The way music education worked in Leningrad at the time, the teachers completely updated their students’ repertoires in September when the school year started. All pieces of music you played last year were removed and you were given several more difficult ones. The teachers chose the level of difficulty appropriately, but it always went up from the previous year. Not only you had to learn the new pieces, but they were also more difficult, so you also had to learn some new techniques, and to do that you were given several new etudes. You had less than three months to get all of it in decent shape, because the recitals, concerts, and competitions started in early December. There could be some additions to the repertoire in the middle of the year, but nothing carried over past September.

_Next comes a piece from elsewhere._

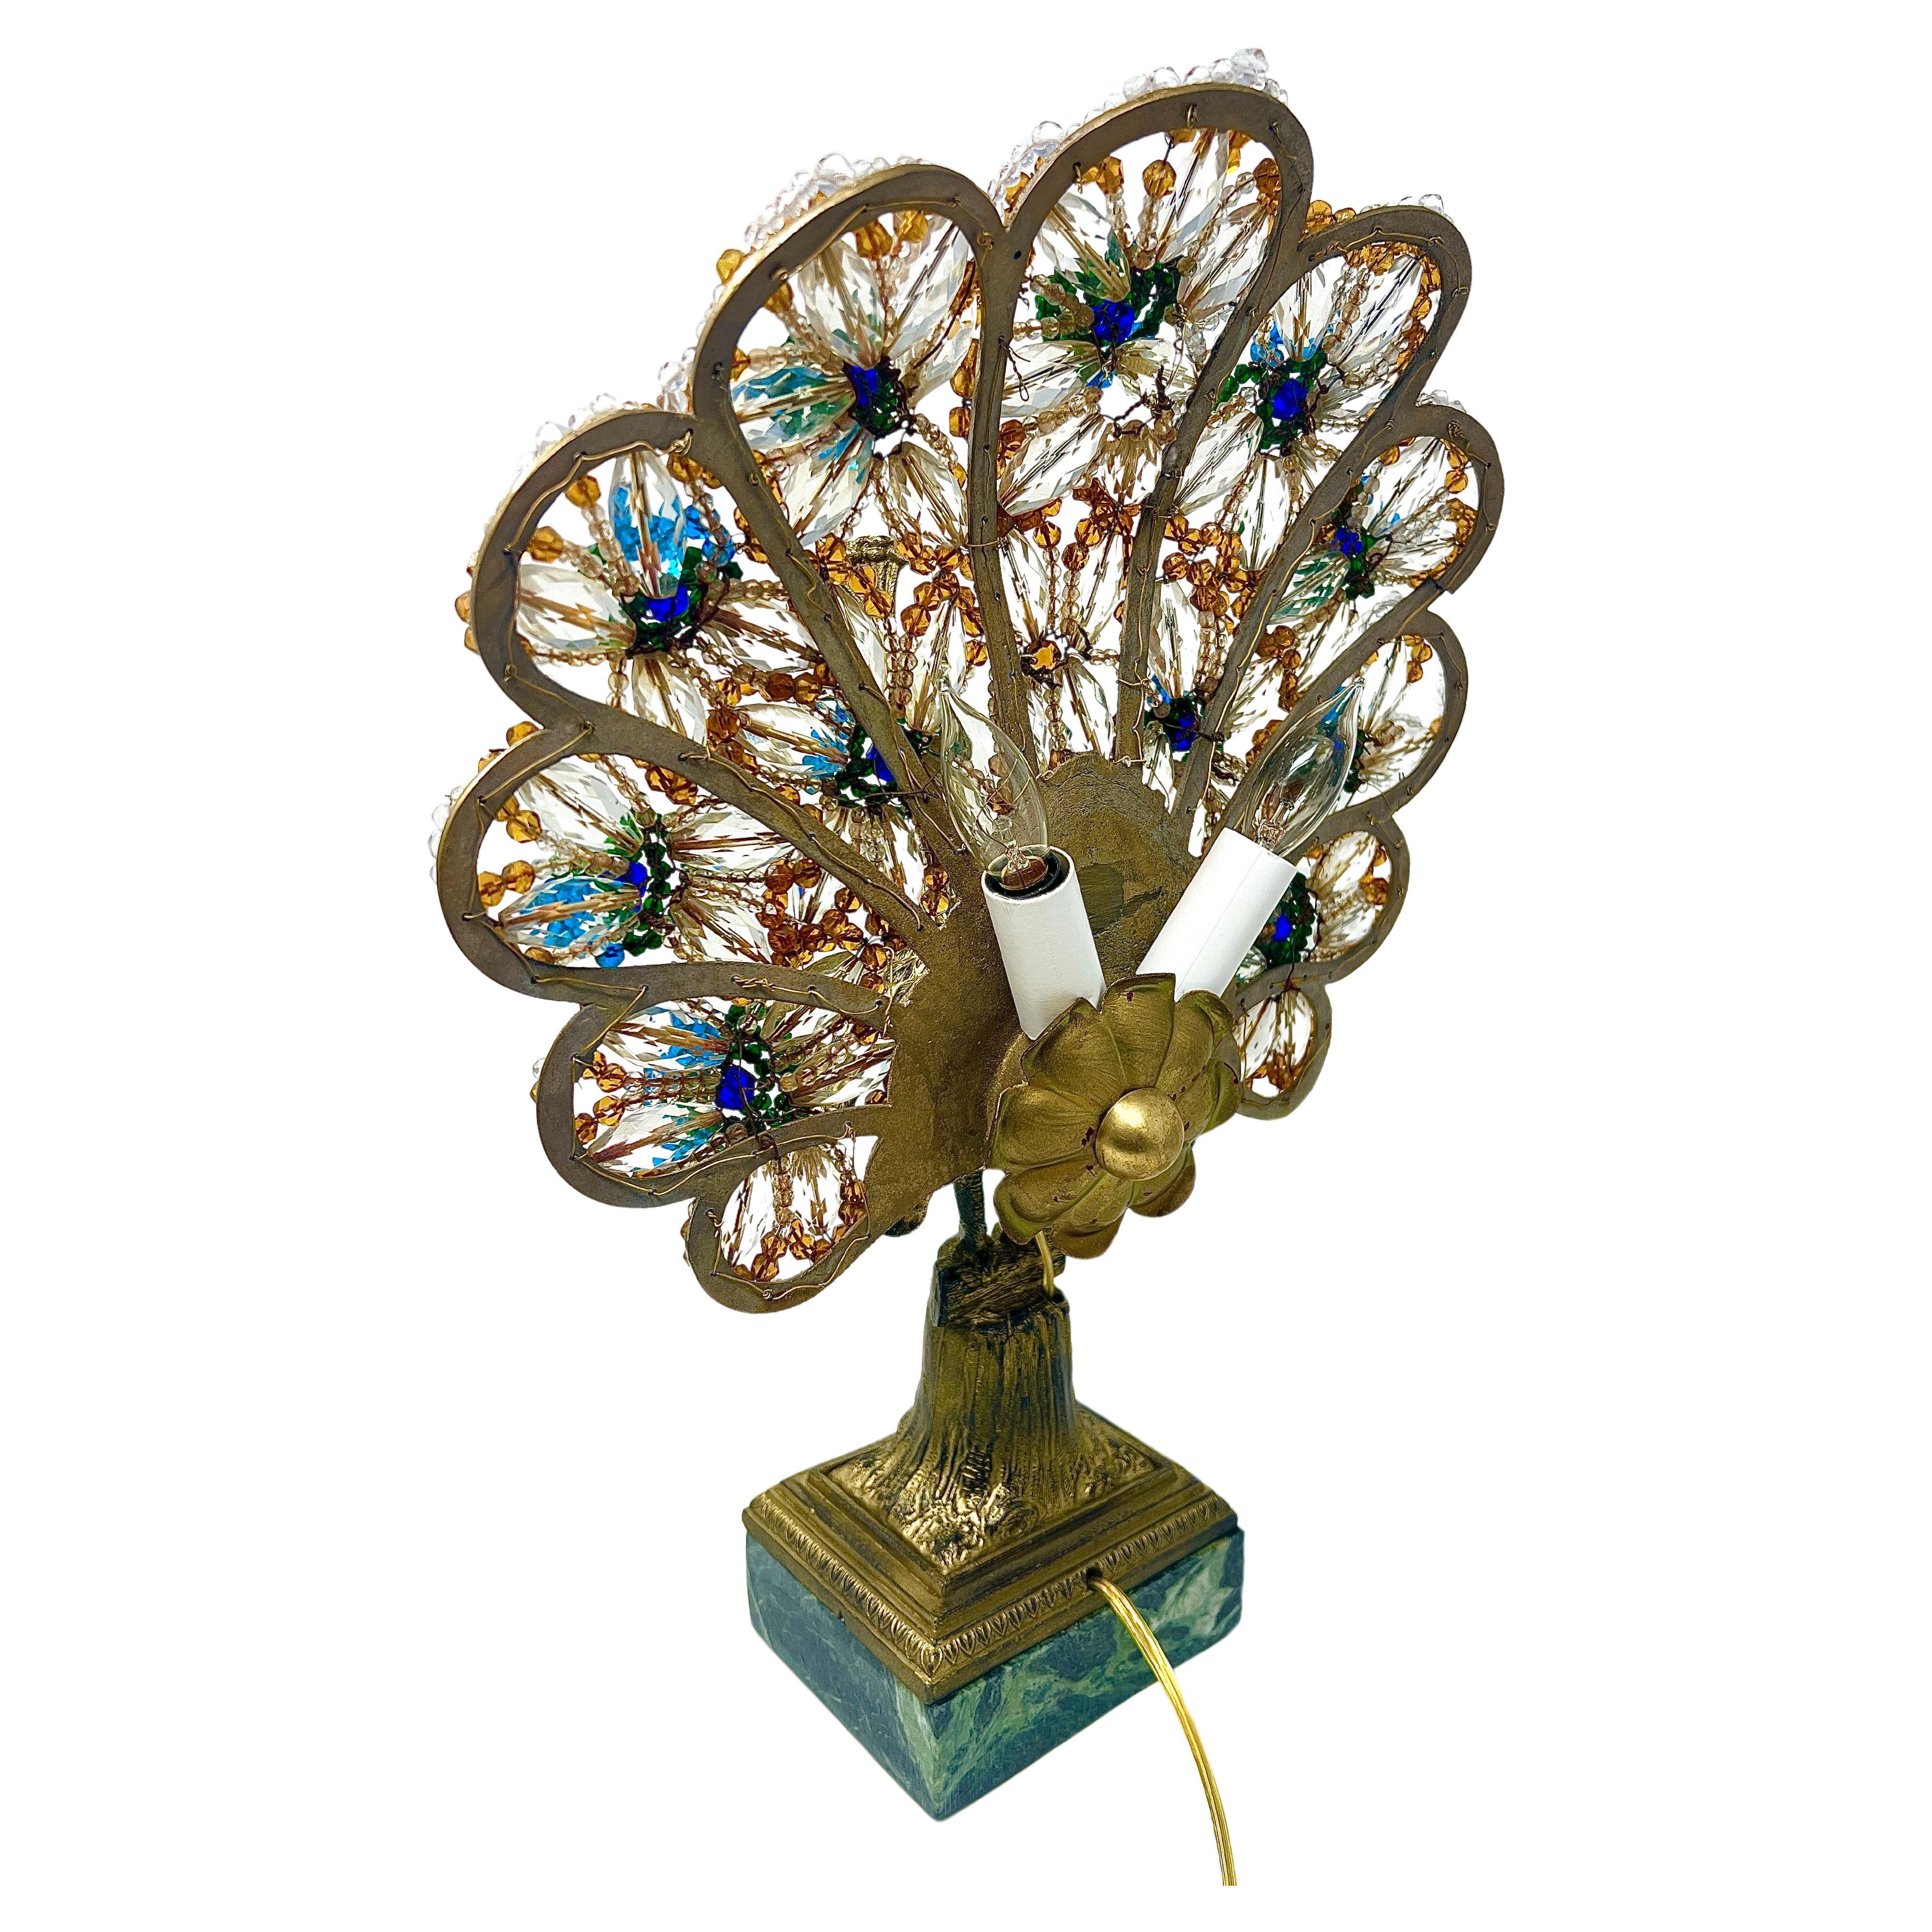 Antique French Art Nouveau Gold Bronze & Crystal Beaded Peacock Lamp, Circa 1915 For Sale 1
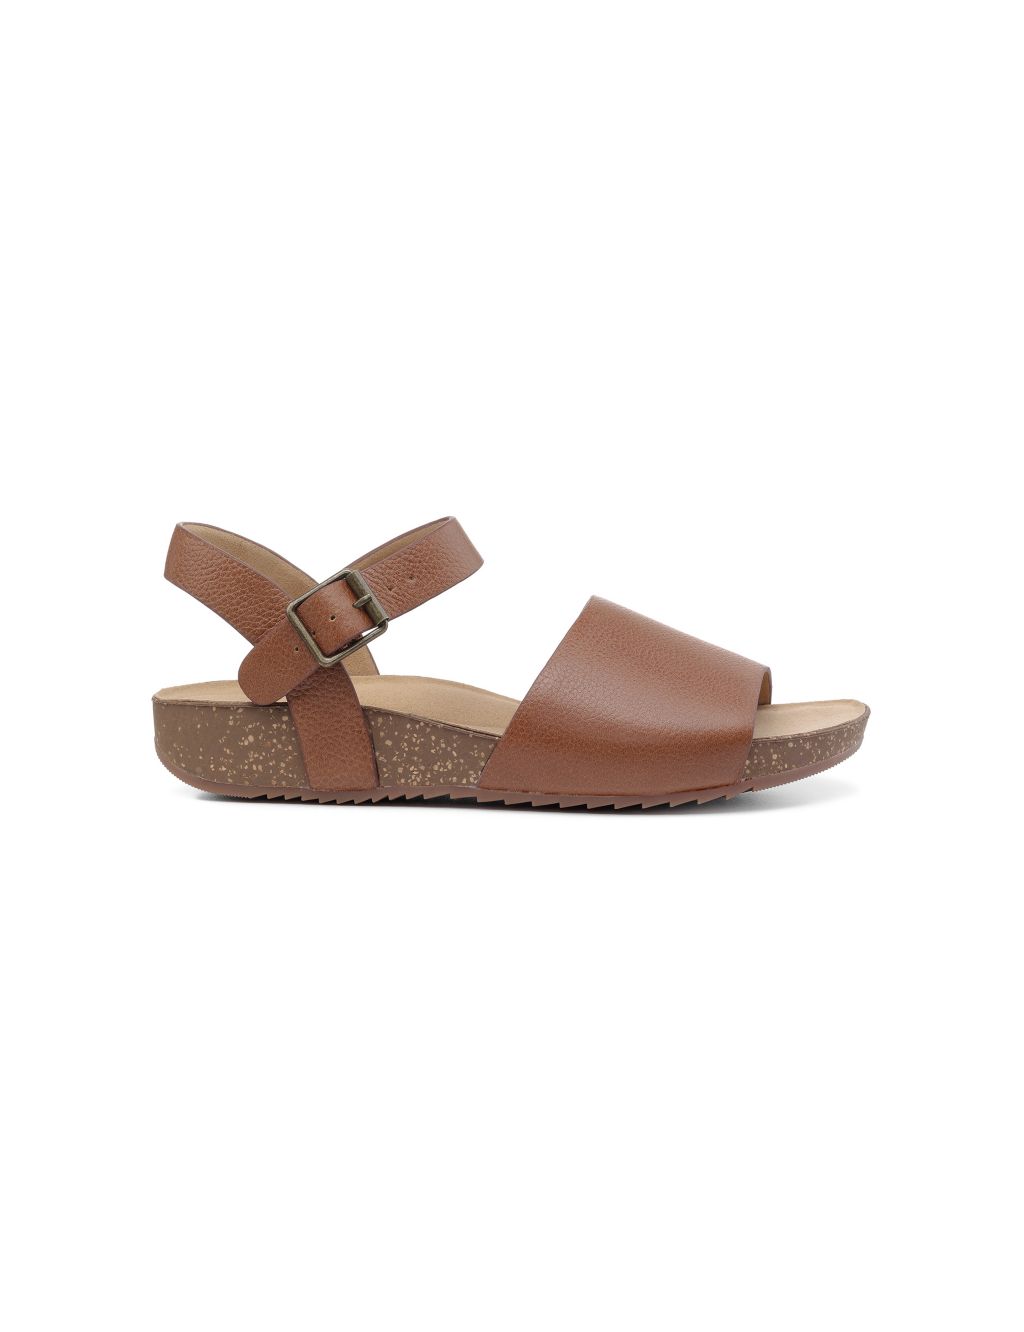 Conwy Leather Ankle Strap Wedge Sandals image 1

Having to completely renew the repertoire and learn several new pieces of music in relatively short time was an important element of difficulty. It existed in addition to technical and artistic difficulties. Overcoming this difficulty was an important skill that had to be mastered in addition to technical and artistic skills, otherwise there was no chance of long-term success. This skill would not develop by spending another year to perfect an old piece of music.

Bring New Stuff

The takeaway from this story for us, professionals in various knowledge-based fields, is that we have to update our repertoire often. Our strength is not in possessing skills, but in the ability to renew and learn new ones. Especially for those of us leading, coaching, consulting others, we have to be relentless in developing new knowledge, training material and competencies.

If you performed works of, say, Chopin at Carnegie Hall this year, you may be welcome to repeat the exact same performance next year. Everybody else, going to other venues, bring new stuff.